Donovan Sean 4
4 · BETA Technologies, Inc. · Filed Apr 16, 2026
Research Summary
AI-generated summary of this filing
BETA COO Sean Donovan Receives 35,491-Share Award
What Happened
- Sean Donovan, Chief Operating Officer of BETA Technologies (BETA), was reported to have acquired 35,491 shares on 2026-04-14 as an award/vesting (transaction code A).
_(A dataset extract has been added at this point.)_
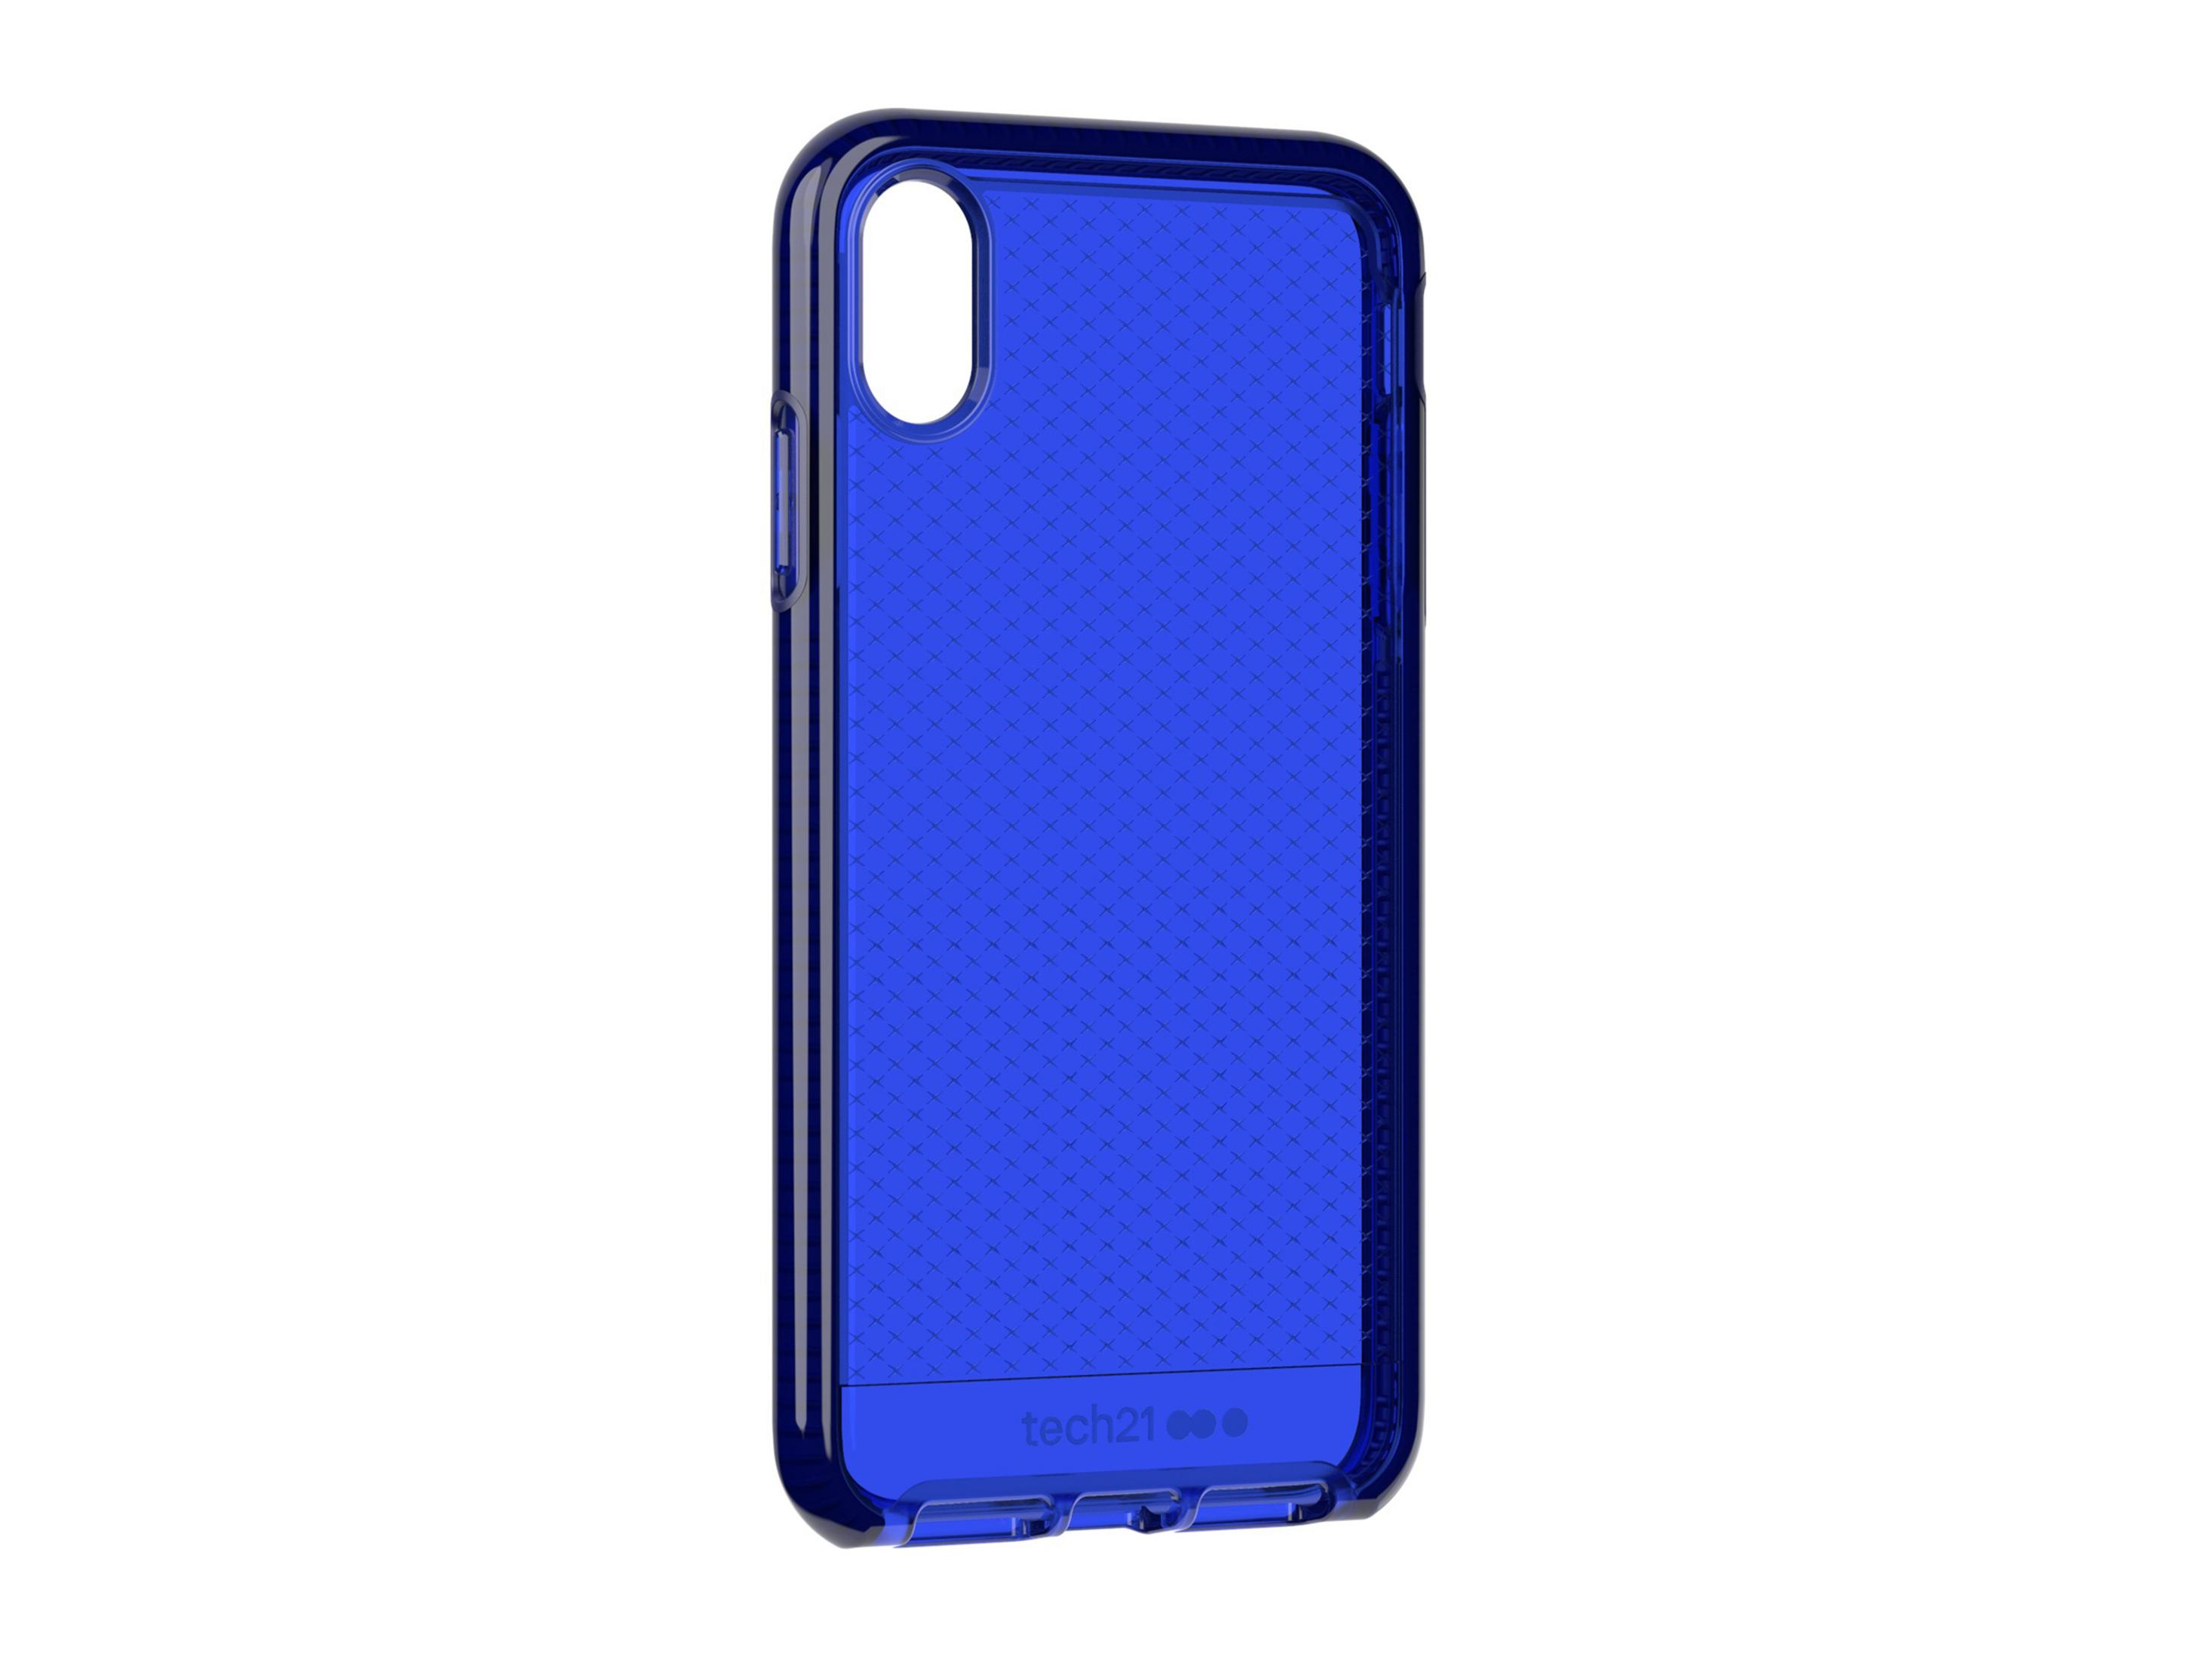 TECH21 MIDNIGHT IPHONE XS FOR Apple, CHECK Backcover, T21-6542 BLU, Blau Max, EVO iPhone MAX XS
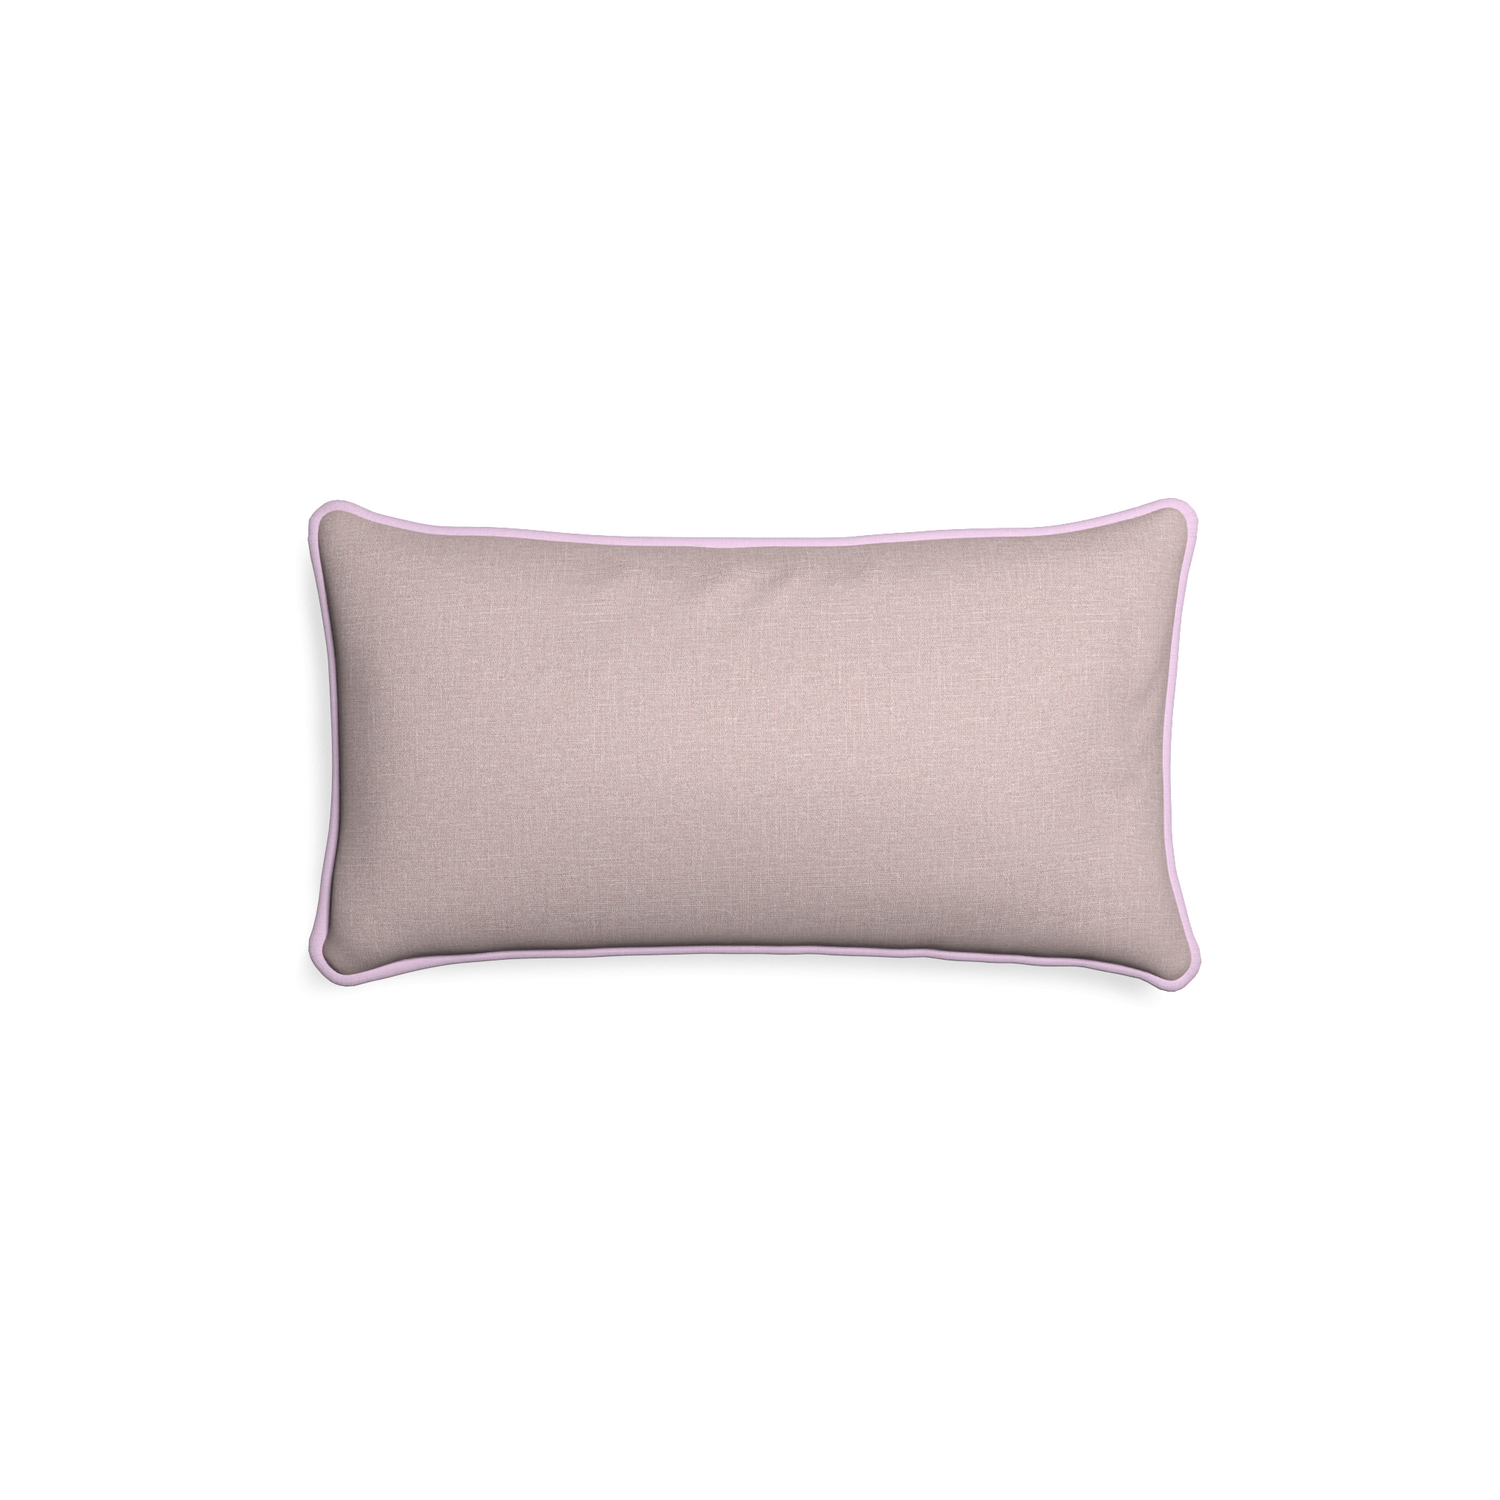 Petite-lumbar orchid custom mauve pinkpillow with l piping on white background

The filing lists the acquisition price as $0.00 (shares issued upon vesting), so no cash purchase or open-market sale occurred.
Key Details
- Transaction date and price: April 14, 2026 — 35,491 shares acquired at $0.00 per share (award/vesting).
- Shares owned after transaction: Not disclosed in the information provided in this summary.
- Footnote: These shares represent Class A common stock received upon the vesting of performance-based restricted stock units (PSUs) granted on January 30, 2026; each PSU equals the contingent right to one share and vested because specified performance criteria were met.
- Filing timeliness: Report filed April 16, 2026 — within the typical two-business-day Section 16 reporting window (not marked late).
Context
- These were compensation-driven PSUs that converted to shares upon meeting performance targets; such awards are routine executive compensation and do not by themselves indicate buying or selling intent. No option exercise, sale, or cashless transaction is indicated — this is an issuance/vesting event.
Insider Transaction Report
Form 4
Donovan Sean
CHIEF OPERATING OFFICER
Transactions
- Award
Class A common stock
[F1]2026-04-14+35,491→ 195,203 total
Footnotes (1)
- [F1]Represents shares of Class A common stock received upon the vesting of performance-based restricted stock units ("PSUs") awarded to the Reporting Person on January 30, 2026, which vested based on the Issuer's satisfaction of certain performance criteria. In light of the performance-based vesting criteria of the PSUs, such shares were not previously reportable under Section 16. Each PSU represents the contingent right to receive one share of Class A common stock of the Issuer.